Data are shown as median (interquartile range) or number (%)

Symptoms, radiological findings, and laboratory findings

The general symptoms experienced by the patients are presented in Table 2. Overall, 222 patients (97.8%) had ≥1 symptom. A fever (n=204, 89.8%) was the most prevalent symptom, followed by fatigue (n=146, 64.3%) and cough (n=139, 61.2%). A diagnosis of pneumonia was confirmed using chest CT or radiography; in total, 160 patients (70.5%) with COVID-19 were identified as having pneumonia at admission or on the day of confirmation of COVID-19 with reverse transcription PCR. Ten patients did not undergo chest CT or radiography because of pregnancy, doctors' judgments, or personal unwillingness.

Table 2.

Clinical Signs and Symptoms of Patients with COVID-19.

Signs and symptoms	Total (n=227)
Any	222 (97.8)
Fevera	204 (89.8)
Fatigue	146 (64.3)
Cough	139 (61.2)
Disorder of smellb	88 (38.9)
Disorder of taste	92 (40.5)
Blocked nosec	39 (17.6)
Running nosed	39 (17.5)

Data are shown as number (%).

aFever was defined as body temperature >37.5°C.

bThere was no record of smell disorder for one patient.

cThere was no record of blocked nose for six patients.

dThere was no record of running nose for four patients.

The laboratory findings on admission are presented in Table 3. A total of 112 patients (49.6%, one patient was not tested) were found to have lymphopenia (the lymphocyte count was <1,000/μL) on admission, and 117 (52.9%, six patients were not tested) had elevated ferritin levels (>300 ng/mL) on admission. CRP levels were increased in 133 patients (58.6%), while LDH levels were increased in 89 patients (39.2%).

Table 3.

Laboratory Findings of Patients with COVID-19.

Laboratory values	Total (n=227)
White blood cell count, cells/μL	5,000 (3,800-6,700)
Neutrophil counta, cells/μL	3,305 (2,255-4,673)
Lymphocyte counta, cells/μL	1,010 (680-1,333)
Neutrophil-to-lymphocyte ratioa	3.35 (1.92-5.86)
Lactate dehydrogenase, IU/L	221 (170-295)
C-reactive protein, mg/dL	1.60 (0.30-5.40)
Ferritin, ng/mLb	329 (149-699)
Procalcitonin, ng/mLc	0.07 (0.05-0.11)

Data are shown as median (interquartile range).

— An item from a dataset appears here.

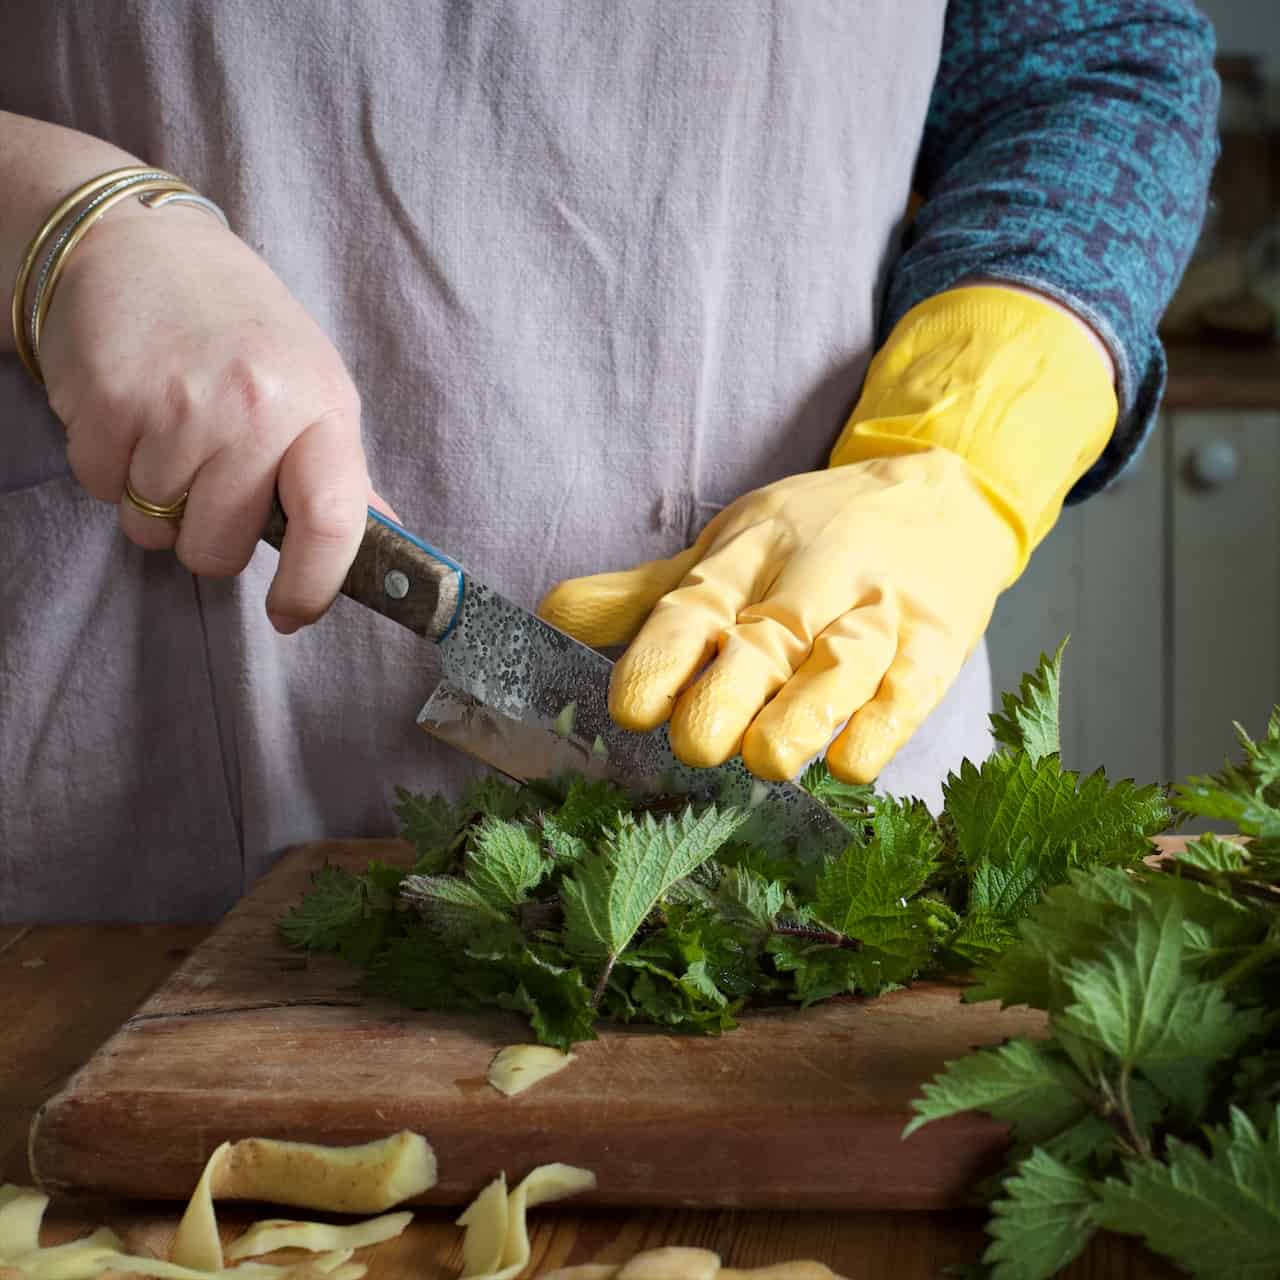 Woman wearing bright yellow rubber gloves chopping stinging nettles on a wooden chopping board

aNot measured in one patient.

bNot measured in six patients.

cNot measured in 27 patients.

Treatments for patients with COVID-19

As presented in Table 4, 93 (43.2%) patients with COVID-19 received treatment, of whom 71 (72.5%) were treated with corticosteroids, including dexamethasone, followed by remdesivir (n=33, 33.7%), heparin (n=29, 29.6%), nafamostat (n=25, 25.5%), favipiravir (n=12, 12.2%), and tocilizumab (n=6, 6.1%). Medications for the treatment of olfactory or gustatory dysfunction were not used because of the lack of useful evidence. Five patients required intubation and mechanical ventilation, and two were treated with extracorporeal membrane oxygenation.

Table 4.

Treatment of Patients with COVID-19.

Treatment	Total (n=227)
Any	93 (43.2)
Remdesivir (Veklury®)	33 (33.7)
Favipiravir (Abigan®)	12 (12.2)
Corticosteroids	71 (72.5)
Tocilizumab (Actemra®)	6 (6.1)
Heparin	29 (29.6)
Nafamostat (Futhan®)	25 (25.5)
Intubation	5 (5.2)
ECMO	2 (2.1)

Data are presented as numbers (%). Percentages were based on data of 93 patients (100%).

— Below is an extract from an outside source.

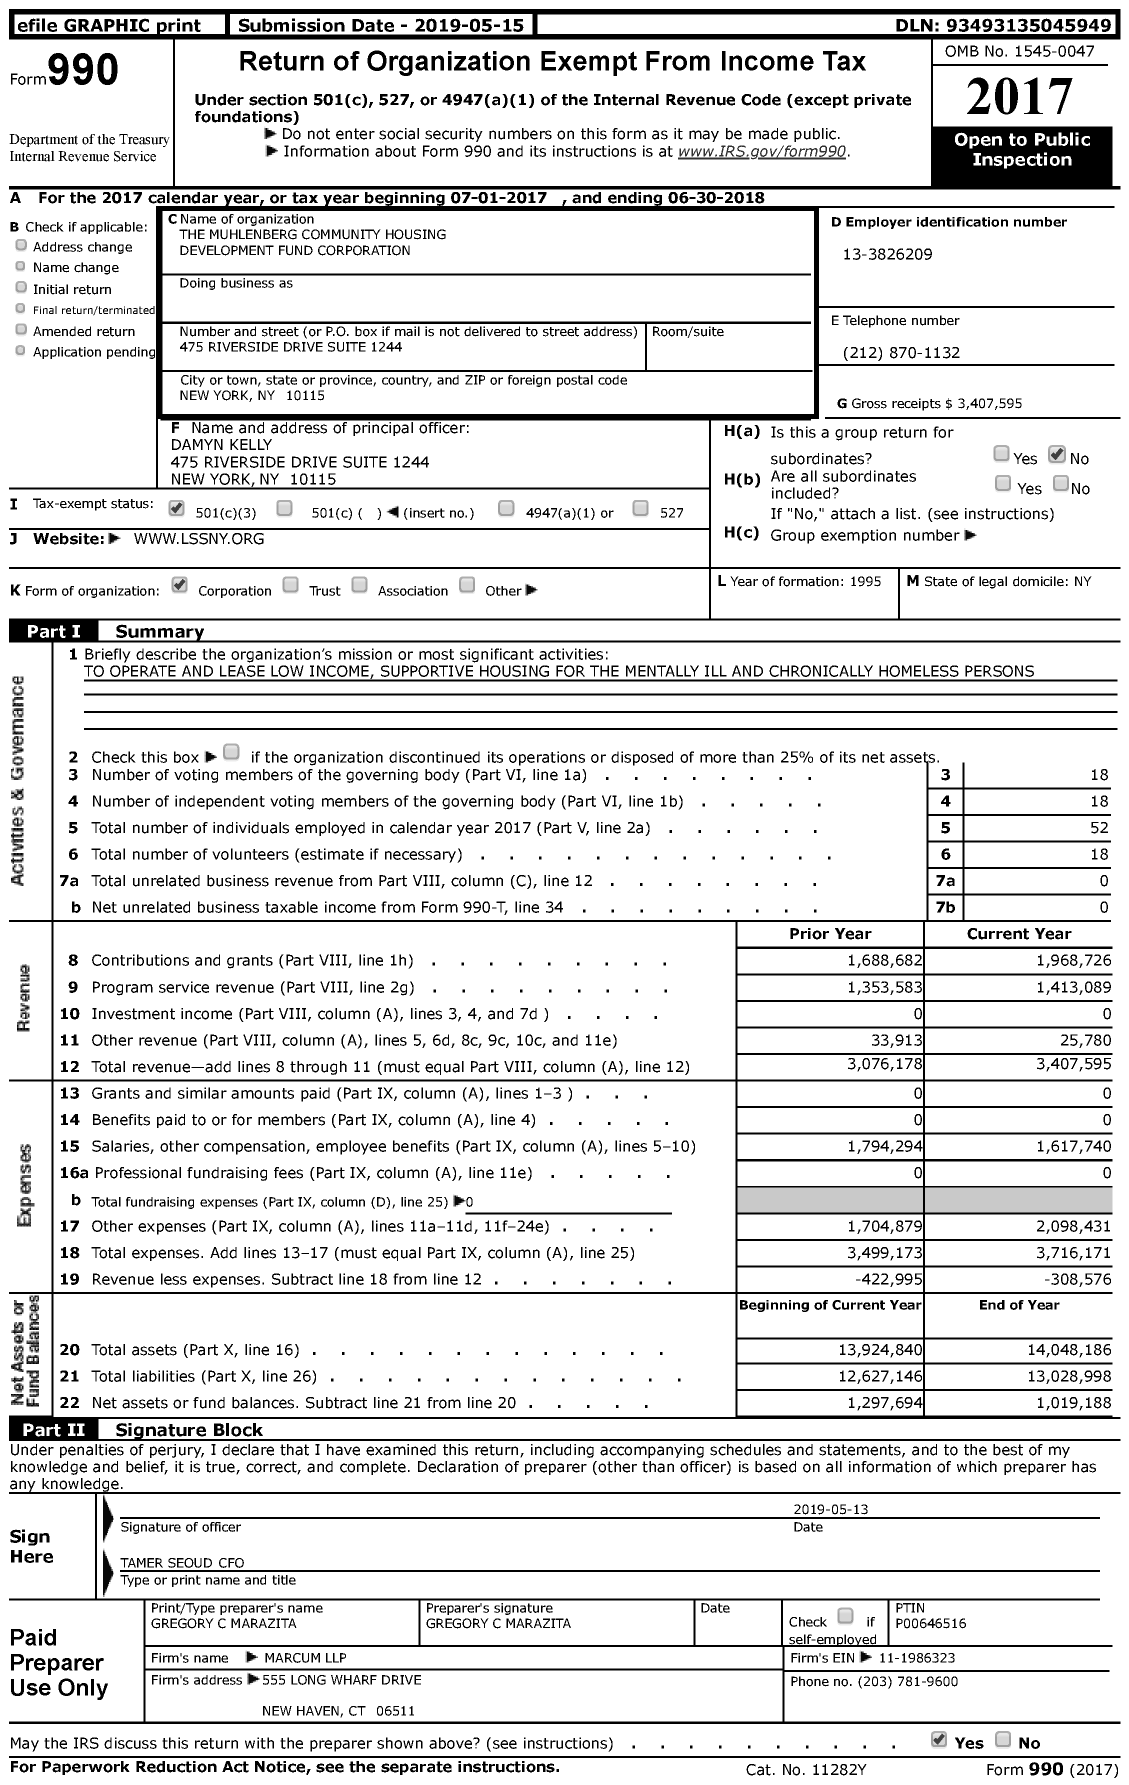 Image of first page of 2017 Form 990 for Muhlenberg Community Housing Development Fund Corporation

ECMO: extracorporeal membrane oxygenation

Smell disorder in patients with COVID-19

Smell disorder was reported in 88 patients (38.8%) (Table 2). COVID-19 patients with smell disorders were significantly younger, more likely to be women, and had fewer comorbidities than those without smell disorders. Laboratory data showed that COVID-19 patients with smell disorder had significantly lower white blood cell counts, neutrophil counts, ferritin levels, CRP levels, and LDH levels and higher lymphocyte counts than those without smell disorder (Table 5). The time from the disease onset to the onset of smell disorder ranged from 0-12 days, and the mean was 3.2 days. The recovery time for smell disorder was 10 days, with none of the patients receiving any therapy.

Table 5.

Clinical Characteristics of COVID-19 Patients with/without Smell Disorder.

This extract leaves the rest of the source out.